10 de jun. de 2010

Moinho se move além das boas intenções

Alguém que desembarcasse na Terra após uma viagem interplanetária de dez anos teria certamente muita dificuldade para entender a linguagem corrente no mundo dos negócios.

A urgência ambiental, revelada nesse período e reforçada em fevereiro de 2007 com a divulgação do 4º relatório do Painel Intergovernamental sobre Mudanças Climáticas, vem popularizando uma série de conceitos até então restritos ao universo dos cientistas e de um punhado de outros profissionais interessados na questão da sustentabilidade.

As metodologias para medição da pegada hídrica são a evolução do conjunto de doze cenários preparados em 1972 por um grupo de pesquisadores sob coordenação de Dennis Meadow, então professor do Massachusetts Institute of Technology, como parte da sistematização de questões levantadas quatro anos antes por governantes, empresários e cientistas num encontro em Roma.

A rigor, a reunião histórica do Clube de Roma, de 1968, já trazia estudos preocupantes sobre o futuro de escassez de muitos recursos naturais, entre eles, a água potável.

Uma das inovações do Clube de Roma foi o conceito global de recursos econômicos, ou seja, pela primeira vez, foi proposta, em caráter de sugestão para os governantes mundiais, a gestão compartilhada do patrimônio natural.

Foram consideradas as evidências de que o consumo não poderia seguir crescendo exponencialmente, sob pena de comprometer o futuro da humanidade.

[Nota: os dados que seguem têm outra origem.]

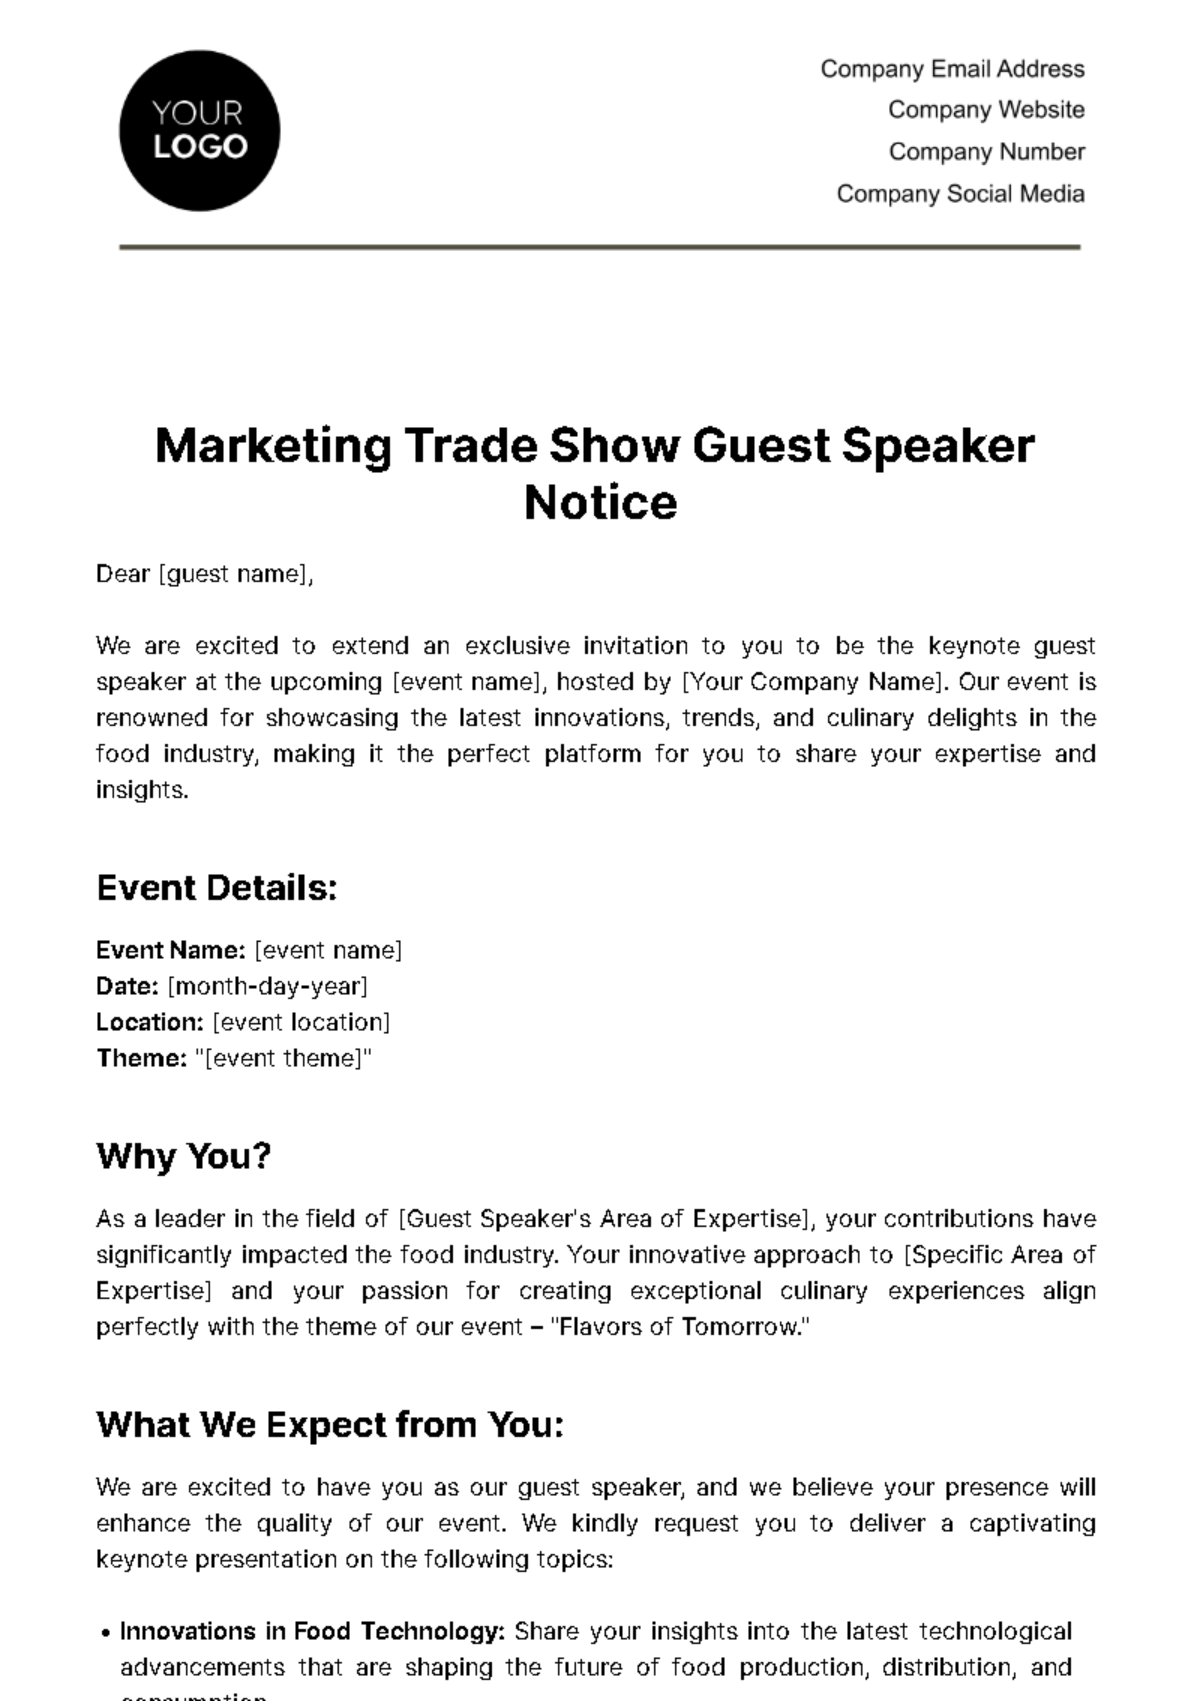 Marketing Trade Show Guest Speaker Notice Template

O futuro, projetado naquela ocasião, é o nosso presente, uma vez que boa parte dos cenários então desenhados se referia às primeiras décadas do século XXI.

Assim como a pegada de carbono, que já compõe a estratégia de muitas empresas e começa a fazer diferença nas escolhas do consumidor, a questão do consumo de água tende a se incorporar às preocupações dos gestores.

Como toda nova oportunidade, estimula soluções inovadoras para velhos problemas que nem mesmo eram percebidos como tais. Por exemplo, transformando um desumidificador em "fábrica de água", como fez o inventor Norman Pedro Queiroga ao criar o H2O Pure, equipamento que fornece continuamente água potável a partir da umidade do ar.

No caso das grandes empresas, cujas operações exigem alto consumo de água, como as fábricas de papel e celulose, o cuidado com a pegada hídrica trata de assegurar o reproveitamento do recurso para redução de custos e mitigação de problemas ambientais.

Já para as indústrias de bebidas e refrigerantes, assegurar a preservação das fontes é essencial para garantir o negócio.

Assim como o conceito da pegada de carbono revela-se uma forma de reduzir perdas, mas também uma fonte de riqueza; de alguma maneira, a pegada hídrica começa a se apresentar como preocupação indutora de desenvolvimento sustentável: atrás desse desafio renova-se o interesse pela preservação ou recuperação dos cursos d'água, o que deve estimular ações mais efetivas pela oferta de melhores condições sanitárias para a população.

No Brasil, onde a fartura sempre induziu ao desperdício, a Política Nacional de Recursos Hídricos conceitua, desde 1997, que a água é um bem de domínio público dotado de valor econômico. Mas, como sempre, o moinho não se move apenas com boas intenções.